Mughal mansabdars were paid in one of two ways: (1) naqdi (cash salary from the treasury), or (2) jagir (assignment of the revenue of a territory). A jagirdar was entitled to collect all taxes from his assigned territory up to the value of his pay entitlement, keeping the surplus or making up any shortfall from his other resources.

Jagir vs. Iqta — Key Distinction

Iqta (Delhi Sultanate): Territory assigned to a muqti/wali; surplus (fawazil) remitted to sultan; muqti had significant administrative autonomy. More territorial/gubernatorial in nature.

Jagir (Mughal Empire): Revenue assignment tied to mansab rank; frequently transferred (every 3–4 years to prevent entrenchment); mansabdar had revenue rights only, NOT administrative authority over the jagir territory. Separate administrative officers governed the territory. Jagir was a financial mechanism, not a territorial appointment.

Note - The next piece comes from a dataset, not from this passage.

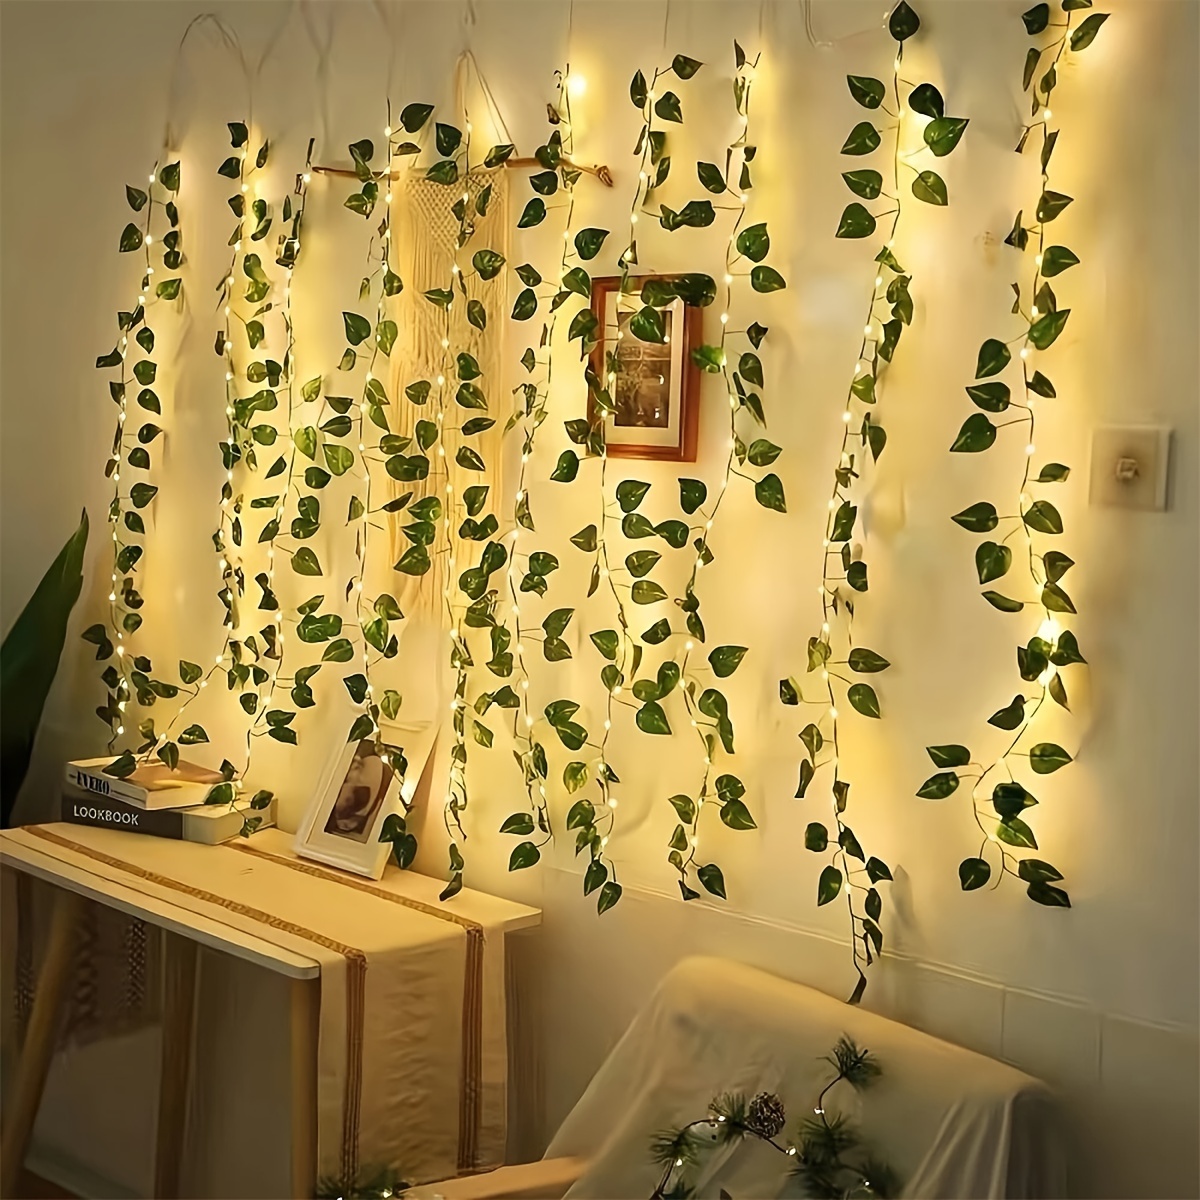 Aesthetic dorm room with led string fairy lights vines flowers

The jagir crisis emerged in the late 17th century: as the empire expanded and the mansabdari class grew, the supply of productive jagirs could not keep pace. Mansabdars were assigned barren or remote jagirs whose revenue did not meet their entitlement — creating financial distress and noble discontent that accelerated the empire's structural decline under and after Aurangzeb.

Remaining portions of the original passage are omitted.